• [WHAT TO DO]
Copy the lines below exactly, starting at the one with "Hexagon blue star" and ending at the one with "Jormftte Handtücher Gefaltetes", and leave out any picture.

• [DATA LISTING]
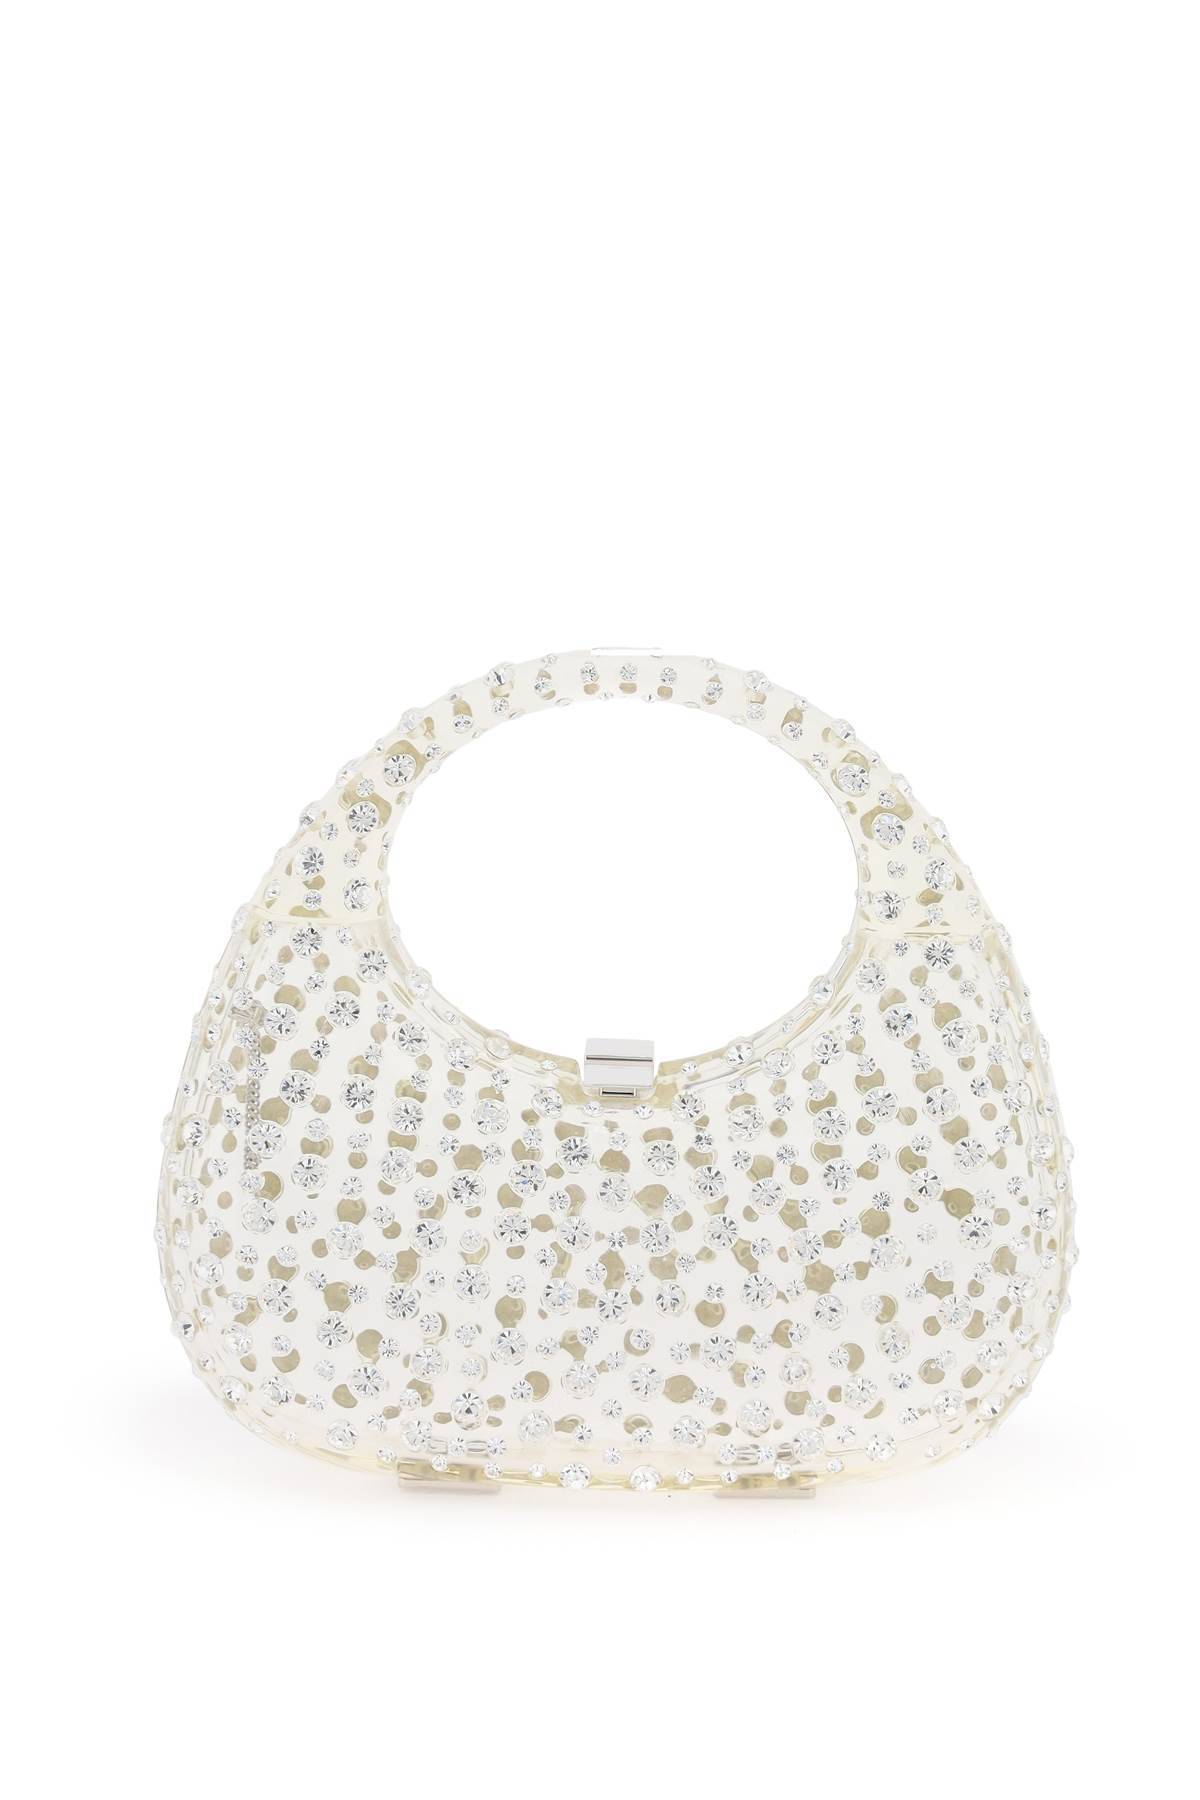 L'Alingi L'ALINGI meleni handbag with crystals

--

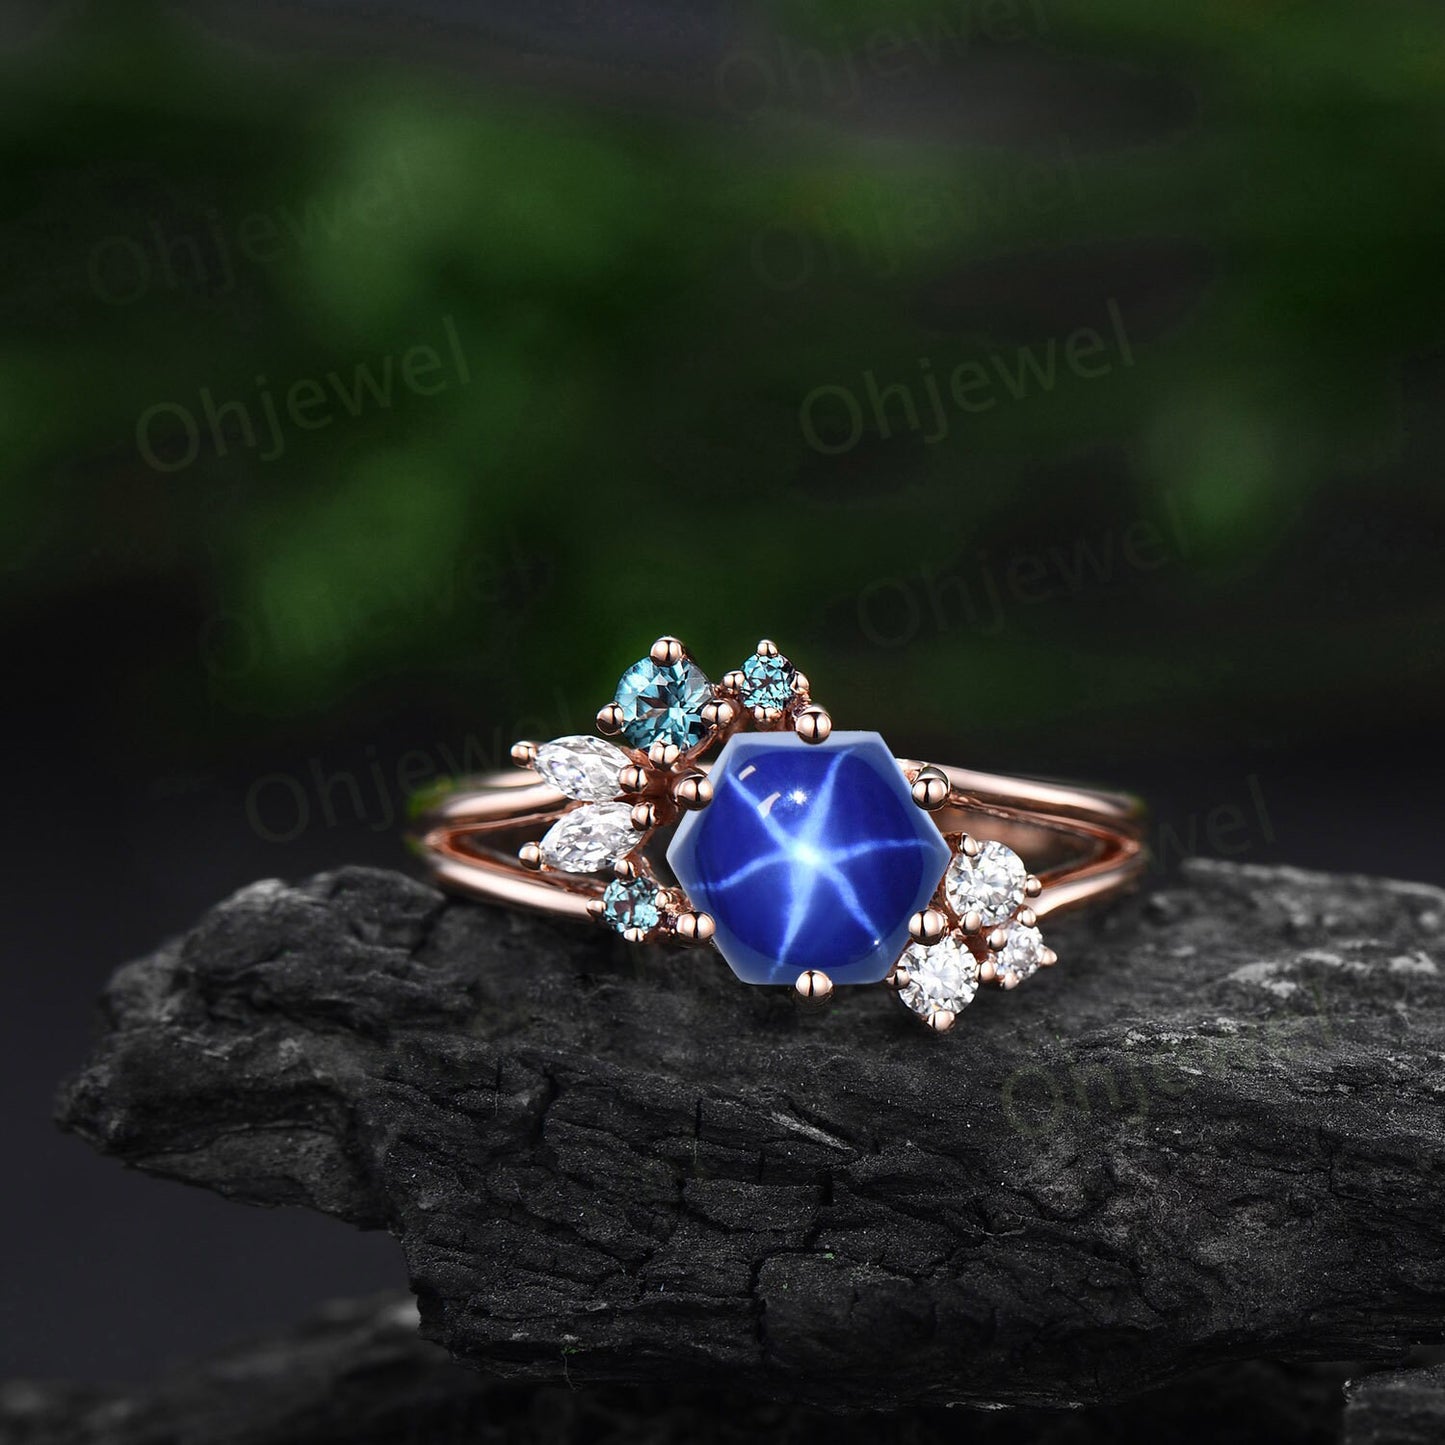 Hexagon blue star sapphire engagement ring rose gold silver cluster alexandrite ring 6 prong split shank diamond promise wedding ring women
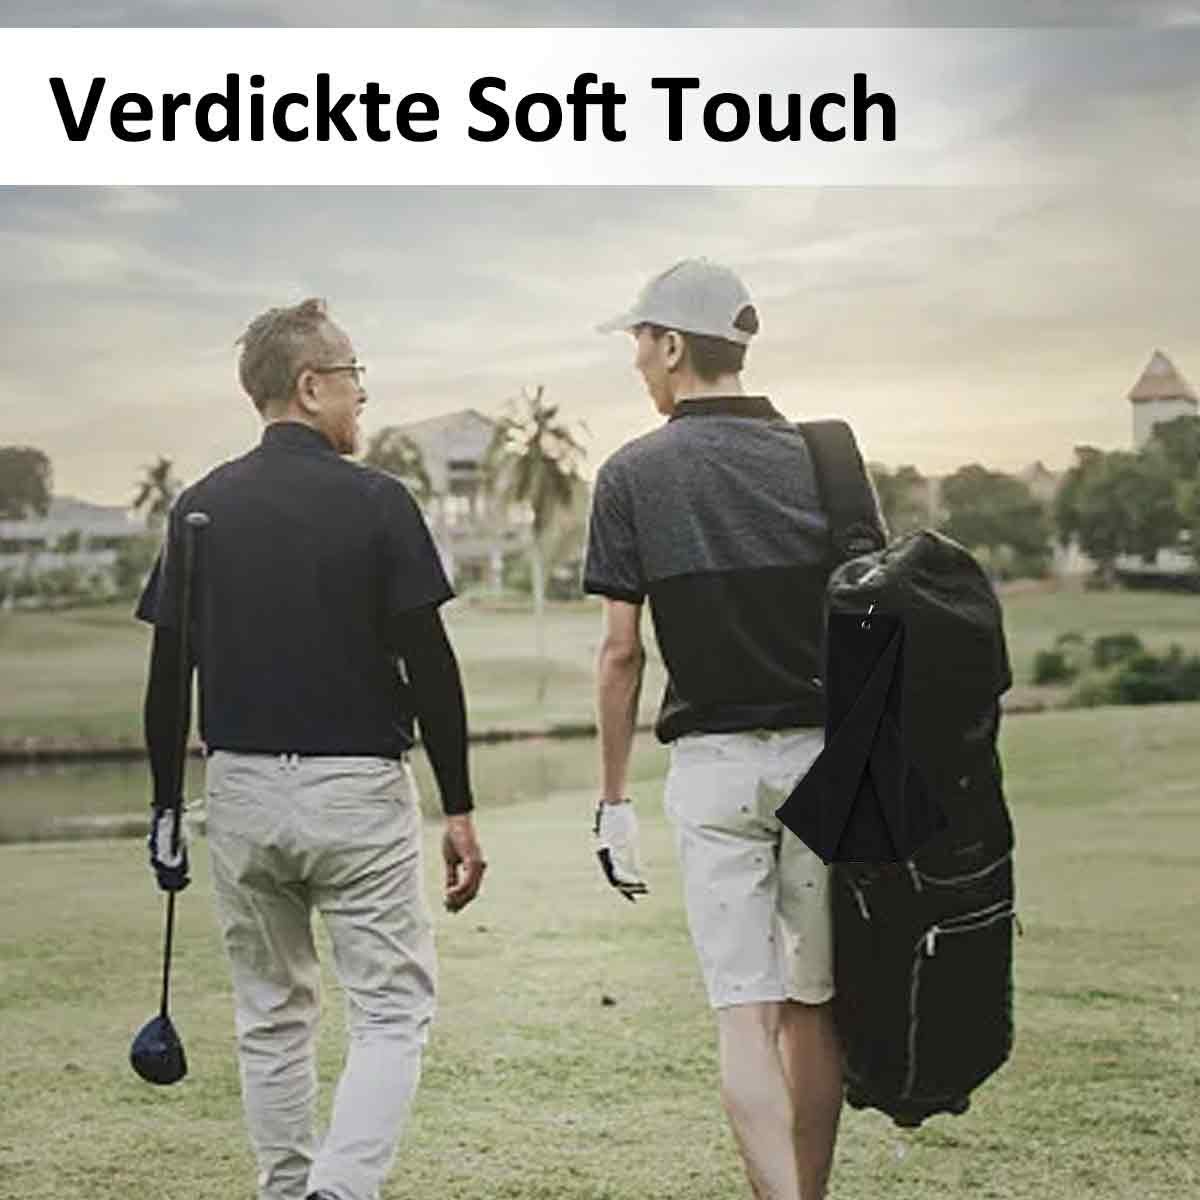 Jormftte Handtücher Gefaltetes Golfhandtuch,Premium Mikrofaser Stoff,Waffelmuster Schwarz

---

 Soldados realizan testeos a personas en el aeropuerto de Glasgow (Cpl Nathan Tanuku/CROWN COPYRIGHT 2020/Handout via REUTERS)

• [ANSWER SPACE]
 Hexagon blue star sapphire engagement ring rose gold silver cluster alexandrite ring 6 prong split shank diamond promise wedding ring women
 Jormftte Handtücher Gefaltetes Golfhandtuch,Premium Mikrofaser Stoff,Waffelmuster Schwarz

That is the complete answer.